According to the Centers for Disease Control and Prevention (CDC), many women of childbearing age do not get enough folic acid, the synthetic form of folate. This critical B vitamin is essential for producing red blood cells and creating DNA, meaning a deficiency can lead to a wide range of serious health problems. Understanding what happens when you have too little folate is crucial for prevention and early treatment.

Quick Summary

A lack of folate, or vitamin B9, in the body can cause megaloblastic anemia, fatigue, and weakness. Severe deficiency may lead to serious complications including birth defects, cognitive issues, and fertility problems. A balanced diet and supplements can help address the issue.

Key Points

  • Megaloblastic Anemia: A shortage of folate impairs red blood cell production, causing abnormally large, ineffective red blood cells and leading to fatigue and weakness.

  • Pregnancy Risks: During pregnancy, a folate deficiency dramatically increases the risk of neural tube defects like spina bifida and anencephaly, which affect the fetal brain and spine.

  • Neurological Issues: Severe or long-term deficiency can cause serious neurological symptoms, including memory loss, confusion, and peripheral neuropathy.

  • Diverse Causes: Low folate can result from poor diet, increased bodily demand (e.g., pregnancy), malabsorption diseases, excessive alcohol use, or certain medications.

  • Masking a B12 Deficiency: Treating folate deficiency with supplements alone can mask an underlying vitamin B12 deficiency, potentially worsening irreversible nerve damage.

  • Reversible with Treatment: Most cases are easily treated with folic acid supplements and dietary changes, but underlying causes must also be addressed.

In This Article

What is Folate and Why is it Essential?

Folate, also known as vitamin B9, is a water-soluble vitamin vital for numerous bodily functions. It plays a critical role in producing red blood cells and helps form DNA and other genetic material. Because the body stores only a small amount of folate, a diet lacking in this vitamin can lead to a deficiency in just a few months. Its synthetic counterpart, folic acid, is often added to fortified foods and used in supplements because it is more easily absorbed by the body.
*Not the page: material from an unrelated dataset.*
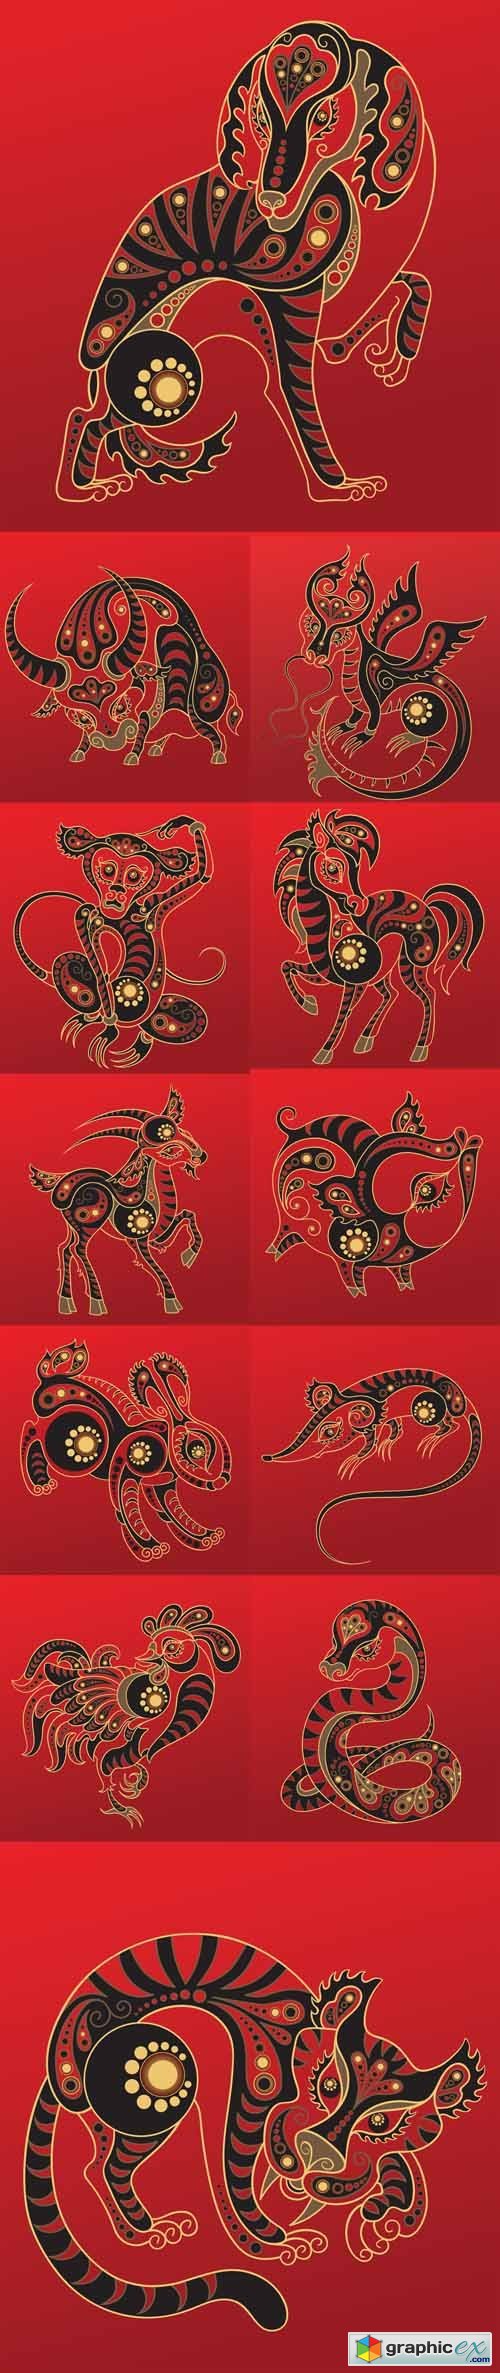 Chinese Horoscope Animal Signs

The Early and Common Signs of Folate Deficiency

Many of the initial symptoms of low folate are related to the development of megaloblastic anemia, a condition where red blood cells are abnormally large and immature. As a result, they cannot carry oxygen effectively throughout the body, leading to a host of noticeable symptoms.

  • Fatigue and Weakness: A primary symptom, leaving individuals feeling unusually tired, drained of energy, and weak.
  • Oral Symptoms: These can include a sore and red tongue, mouth ulcers, and a reduced sense of taste.
  • Pale Skin: A noticeable paleness can occur due to the reduced number of healthy red blood cells.
  • Irritability and Mood Changes: Emotional and psychological changes, such as irritability and depression, can signal a folate deficiency.
  • Gastrointestinal Issues: Diarrhea and weight loss are also common symptoms.

Serious Consequences of Untreated Low Folate

While the initial symptoms can be a nuisance, a prolonged deficiency can escalate into more severe and sometimes irreversible health issues.

  • Neurological Complications: Without enough folate, the nervous system can be affected. Severe deficiency may result in confusion, memory loss, and difficulty with judgment. Some research also links low folate to an increased risk of dementia.
  • Cardiovascular Disease: Elevated levels of homocysteine, an amino acid, are associated with low folate. This can increase the risk of heart disease.
  • Fertility Issues: Folate deficiency can lead to temporary infertility, which typically resolves with proper treatment.
  • Cancer Risk: Some studies suggest that long-term folate deficiency may increase the risk of certain cancers.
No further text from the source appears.